Food accounts for around 27% of Kingston's eco-footprint, which makes it the sector with highest environmental impact in the borough.

The ecological footprint of food is so high because we waste around a third of the food we buy, because most people tend to have a high meat and dairy diet, because of transportation (food miles) and because of excessive packaging and because of energy intensive agriculture. Animal products account for around 80% of the impact of the average diet in the UK.

The good news is that reducing it is under individual’s control and it’s easy to reduce and be healthier too.

Man receiving delivery of vegetables with slogan: "I've cut down on my red meat"

Why is cutting down on red meat is good for you?

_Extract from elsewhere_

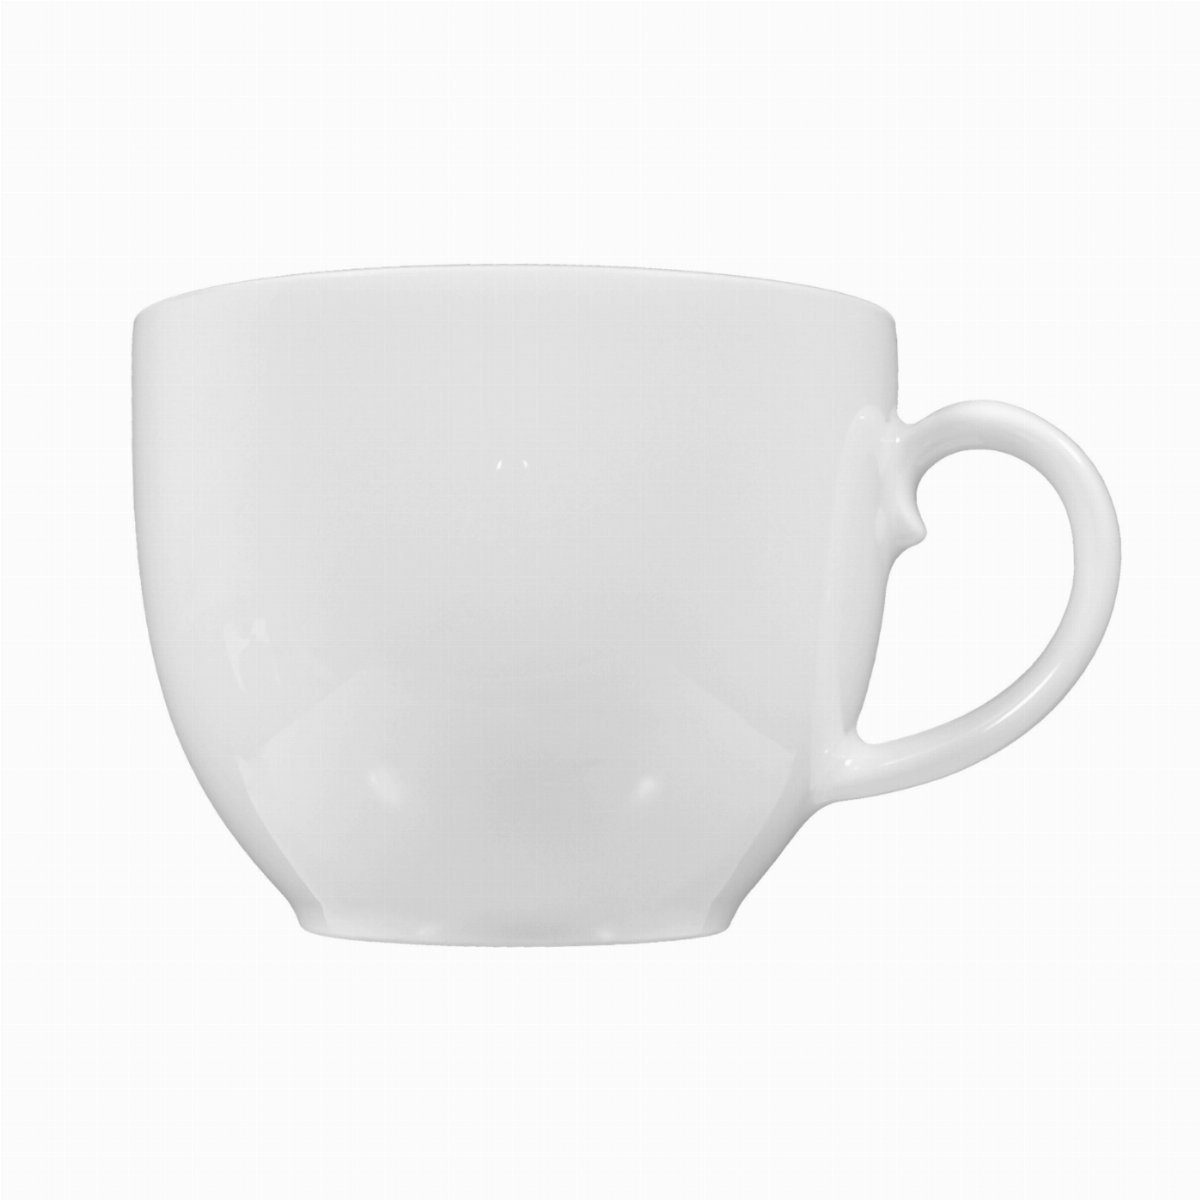 Stück - weiß - Kaffeeobertasse 6 Tasse l 0.21 Weiden Seltmann Rondo_Liane

It's good for your long term health  

The high level of meat and saturated fat consumption in high income countries exceeds nutritional needs and contributes to high rates of chronic diseases such as cardiovascular disease, diabetes mellitus and some cancers.

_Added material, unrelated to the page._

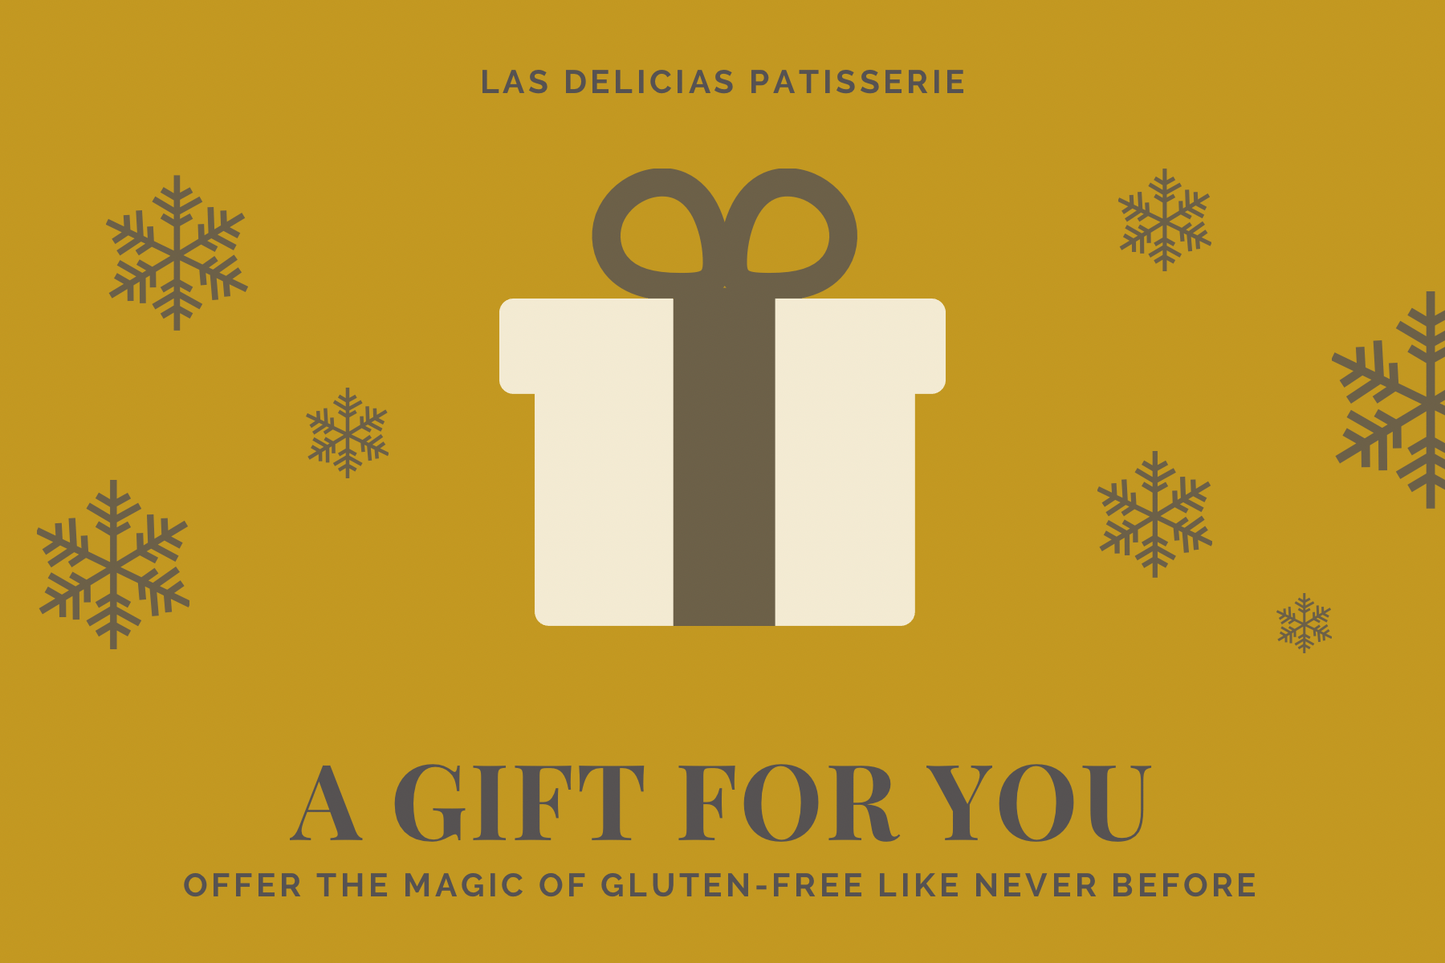 gluten free gift card - las delicias patisserie

Intake of 100g or more of red or processed meat per day - approximately a 4oz steak, is considered high and bad for your health.

“No one's saying that people should avoid bacon or burgers completely, but evidence tells us that cutting down on these foods can reduce the risk of dying from cancer and other diseases” Ed Yong, Cancer Research UK.

It's good for your pocket

Reduce at least one intake of meat a week and you will notice the difference in your household expenditure.

It's good for your Footprint

If you switch to vegetarianism, you can shrink your carbon footprint by up to 1.5 tons of carbon dioxide a year, according to research by the University of Chicago. Trading a standard car for a hybrid cuts only about one ton—and isn’t as tasty.

Why is it good for the environment?

Meat production generate more green house gasses than all of the world transport

According to a recent report from the UN Food and Agriculture Organization, livestock production, dominated in the West by large-scale factory farming, is responsible for 18% of the world's greenhouse gas emissions - a bigger share than all of the world's transport.

Or see it this way: a kilogram of beef is responsible for the equivalent of the amount of CO2 emitted by the average European car every 250 kilometres, and burns enough energy to light a 100-watt bulb for nearly 20 days. ( Akifumi Ogino of the National Institute of Livestock and Grassland Science in Tsukuba, Japan)

Meat production requires vast amounts of water

Producing meat requires between twenty-five and two hundred fifty times as much water (depending of technology used) as producing an equivalent amount of grain for direct consumption.

Buying more locally grown food can reduce your food footprint by about 10%

For example, every tonne of strawberries we fly into the UK from north Africa or the Middle East releases more than four and a half tonnes of CO2, whereas the same amount of locally grown, seasonal, strawberries will only release 17kg - one-threehundredth the amount!